Friday, February 9, 2007

Annotated Table of Contents, Chapters 27 - 30

Part Seven: Supervision.
What are the characteristics of a successful supervisor of language arts?

Chapter 27. Supervision Lesson #1. Listen. Why is listening important to successful leadership? So much of success in leadership comes from listening to others and helping them carry through on their ideas. My willingness to listen to others was probably my greatest leadership strength, but at the end of my career as language arts supervisor, K-12, my failure to listen was the cause of my greatest mistake. After learning about my experience in refusing to listen, maybe the reader can avoid making a similar mistake.

Chapter 28. Supervision Lesson #2. Inservice. How can teacher inservice programs be improved? When I took courses in education, I noted that professors often lectured about teaching practices without using the techniques themselves. For example, instructors would recommend that teachers individualize their instruction but would not individualize their own teacher education classes. From my first position as an administrator, I've made it a fundamental principle to teach teachers as I wanted them to teach their students. An example of how I “practiced what I preached” occurred in a workshop for teachers new to a large suburban school district.

Chapter 29. Supervision Lesson #3. Change. What is needed for successful change in education? During my years in education, I have watched administrators make changes because of prevailing enthusiasms in the profession. The use of learning centers, behavioral objectives, whole language, the writing process—all of these changes were, in my experience, imposed on teachers from above. All were based on some good ideas, but all had some harmful effects as well. And the results of pressure for change on the staff were about what one would expect: a small core of enthusiasts embraced the change; the large majority went along with it but not enthusiastically, and, as soon as the pressure was off, dropped the procedure from their teaching; and a minority fought the change because they felt that it was not right, that it could even hurt students.
In this chapter, I discuss what happened when the need for change was clearly understood by just about everybody. But even with a clearly defined need for change, watch out for the side effects. Evaluation is necessary to help avoid and correct the problems that are inevitable with change.

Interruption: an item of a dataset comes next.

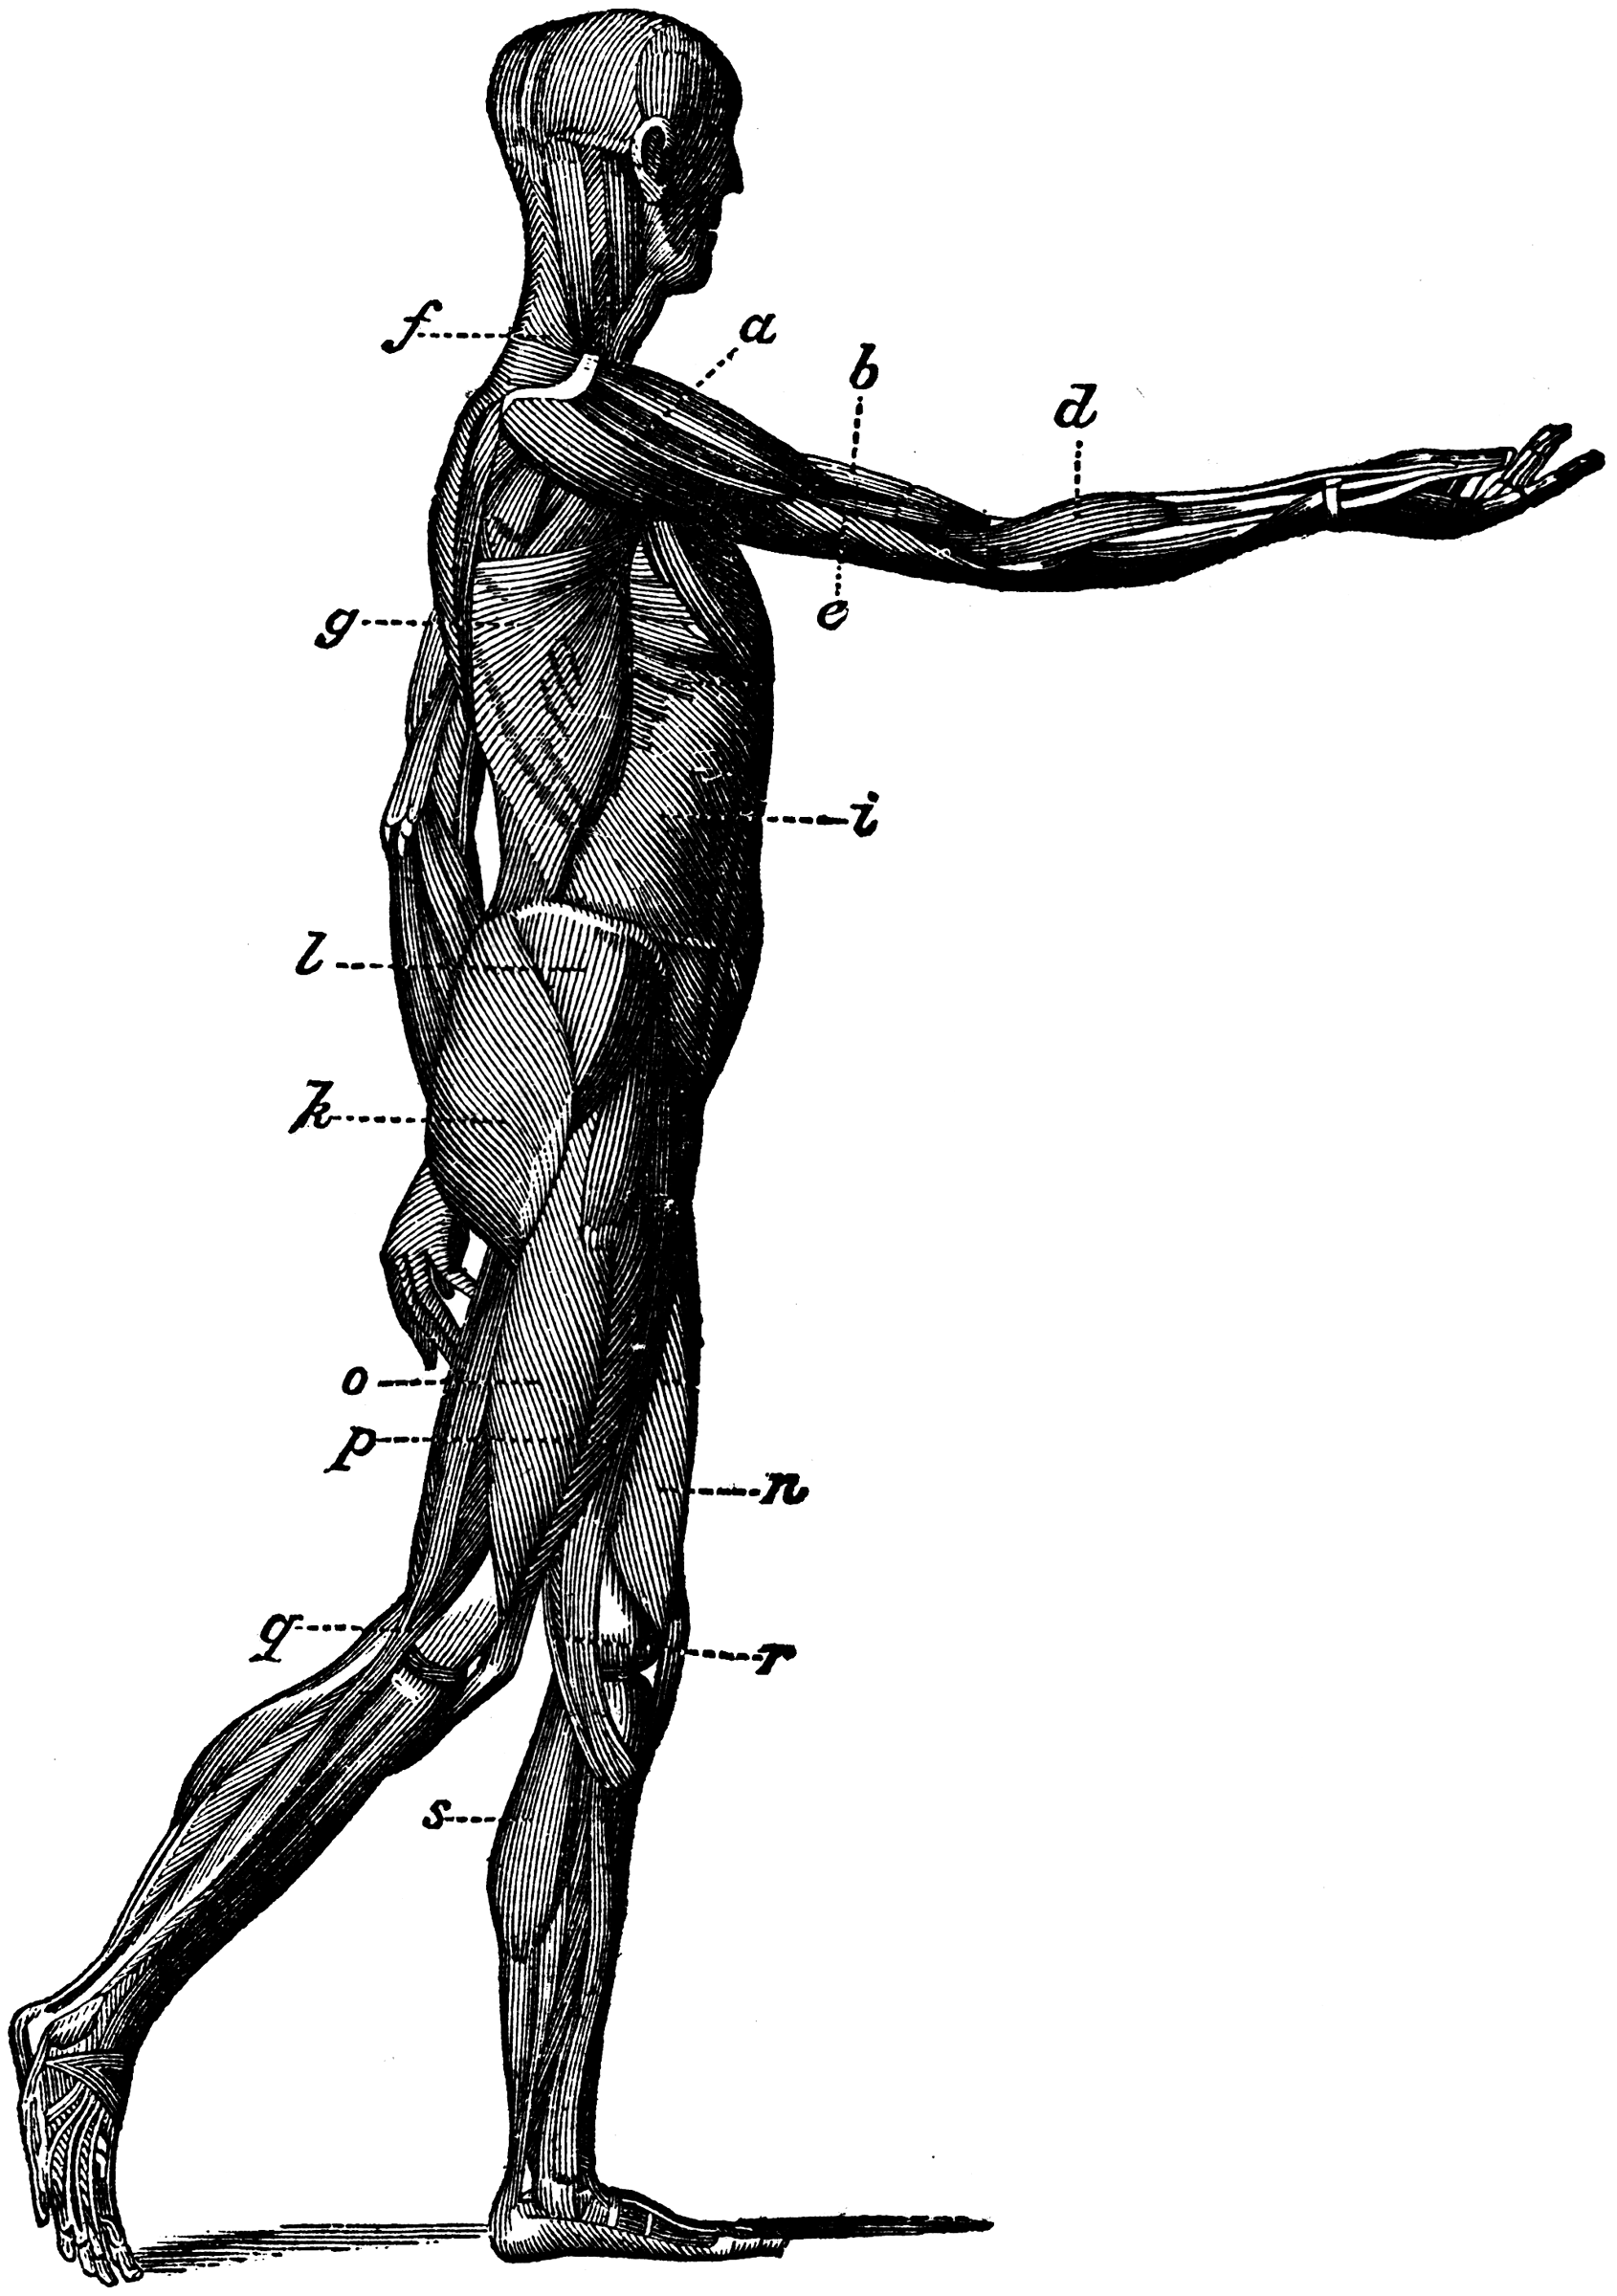 Side View of the Muscles of the Body | ClipArt ETC

Chapter 30. Supervision Lesson #4. Authority. Does leadership without authority work? The trouble with Mary was grammar—not her use of it but her teaching of it. The setting was a junior high school in the mid-1960s. My role as instructional consultant in the building was to help teachers improve their instruction—but I had no authority to demand change. Whatever change I was able to accomplish had to occur because of my personality and methods of persuasion.
One morning, the principal came storming into my office.. He was angry. He had just come from Mary Jones’s English class with seventh graders. She had been teaching, no, drilling, the students in grammar. “What is a noun? What is a verb?” etc.
“Ray,” he said, “I haven’t seen teaching like that since I was in grammar school a long time ago! Some kids actually had their heads down on their desks and were sleeping. Try to show her another way to teach that stuff.”
Then he strode out of my office, his job done; mine was just beginning.